Notes: Epiprofin (Epfn) was expressed in HaCaT cells from various HaloTag® Fusion vectors with either full-length or deletion mutants of the CMV promoter to provide different levels of Epfn expression. (The authors do not state whether the N-terminal or C-terminal HaloTag® Fusion vectors were used). HaCaT 72hr proliferation was highest when using the CMVd3 promoter (e.g., pFC17A or pFN24A) for the lowest expression level. Reporter assays were performed on in the HaCaT cells as well and were measured with the Dual-Luciferase® Reporter Assay System on a GloMax® Instrument. Transfection studies performed with primary keratinocytes utilized the ViaFect™ Transfection Reagent using the reverse transfection method. (4690)

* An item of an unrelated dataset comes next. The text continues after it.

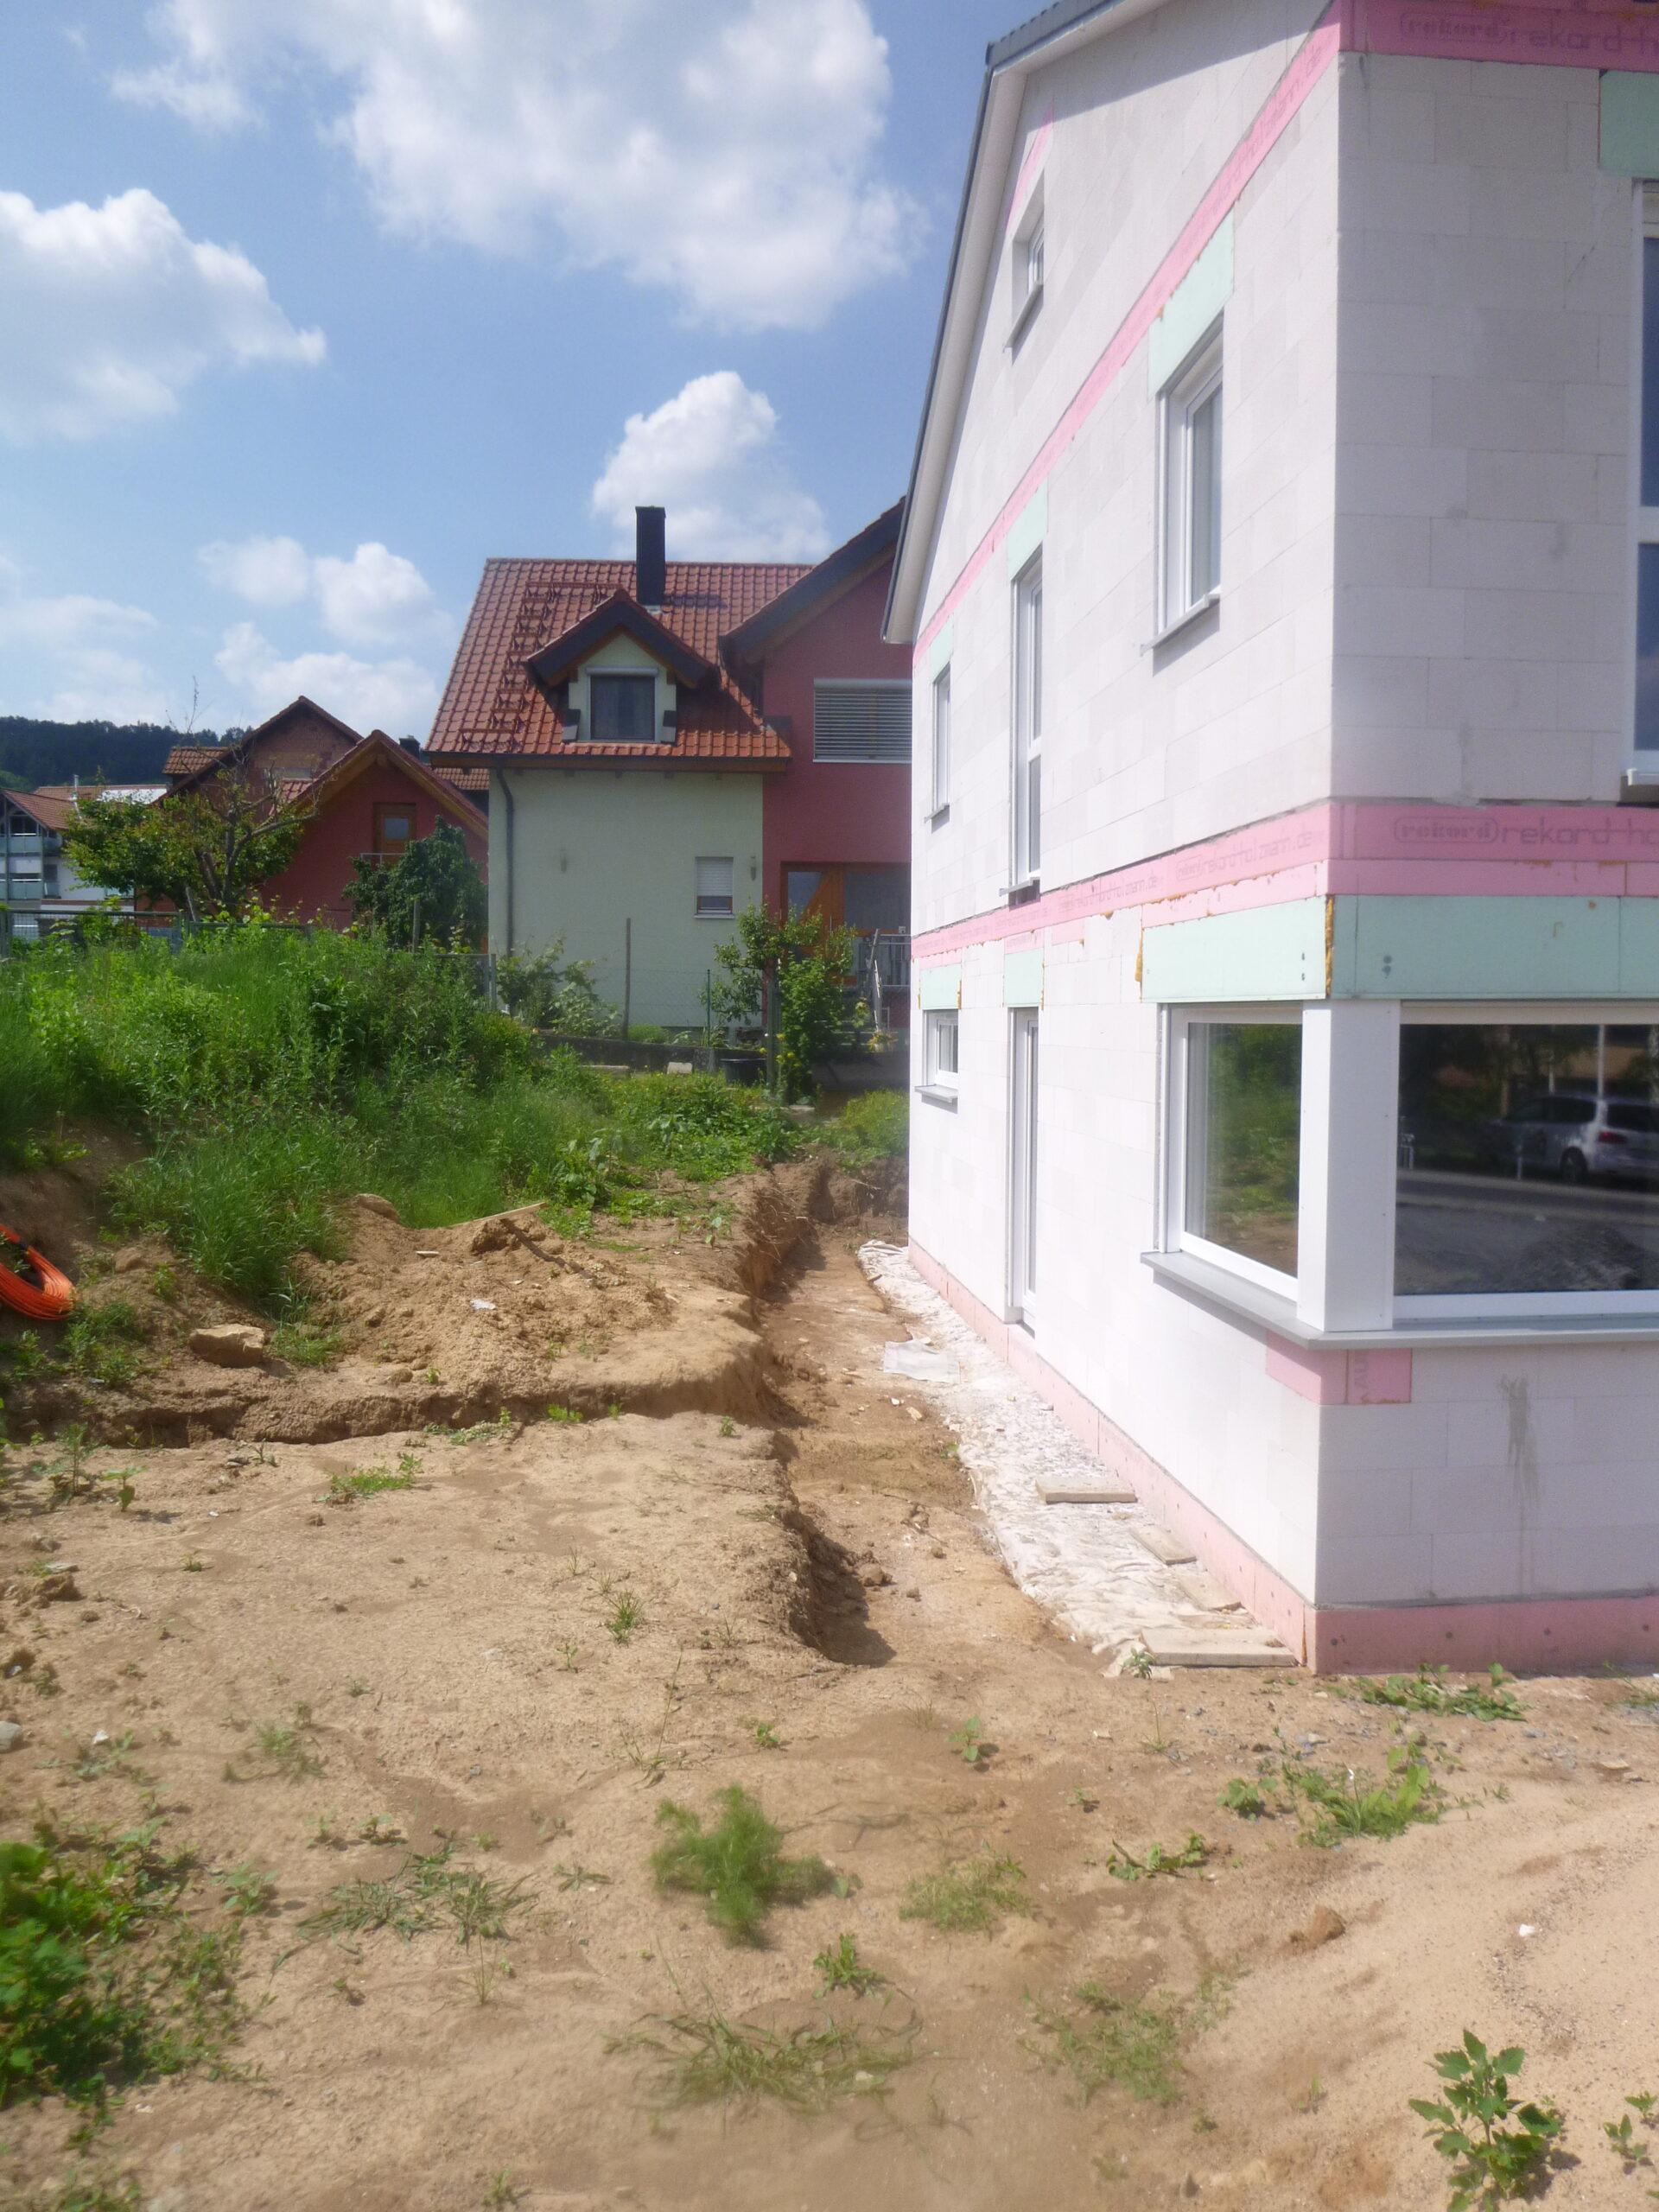 Rohbau - Graf-Rieneck-Strasse 20 - Erlabrunn (5)

Notes: The E3 ubiquitin ligase murine double minute 2 (MDM2) regulates transcriptional activity and expression levels of the p53 tumor suppressor protein. In this article, the authors show that the cell fate determinant NUMB interacts with MDM2, disrupting the interaction of MDM2 and p53 and preventing the ubiquitination of p53. To study protein-protein interactions between NUMB and MDM2, the authors used the pFN2A (GST) Flexi® Vector to express full-length and partial NUMB sequences as GST fusion proteins for protein pull-down experiments. To examine their hypothesis that the interaction between NUMB and MDM2 increases p53 levels and thus apoptosis in cells, they treated ZR75 human breast carcinoma cells and A375 human melanoma cells with NUMB-derived peptides and small molecule ligands that block the interaction between NUMB and MDM2. These treatments resulted in increased levels of p53 protein, Annexin V staining as well as caspase-3/7 activity, as determined using the Caspase-Glo® 3/7 Assay System. (4351)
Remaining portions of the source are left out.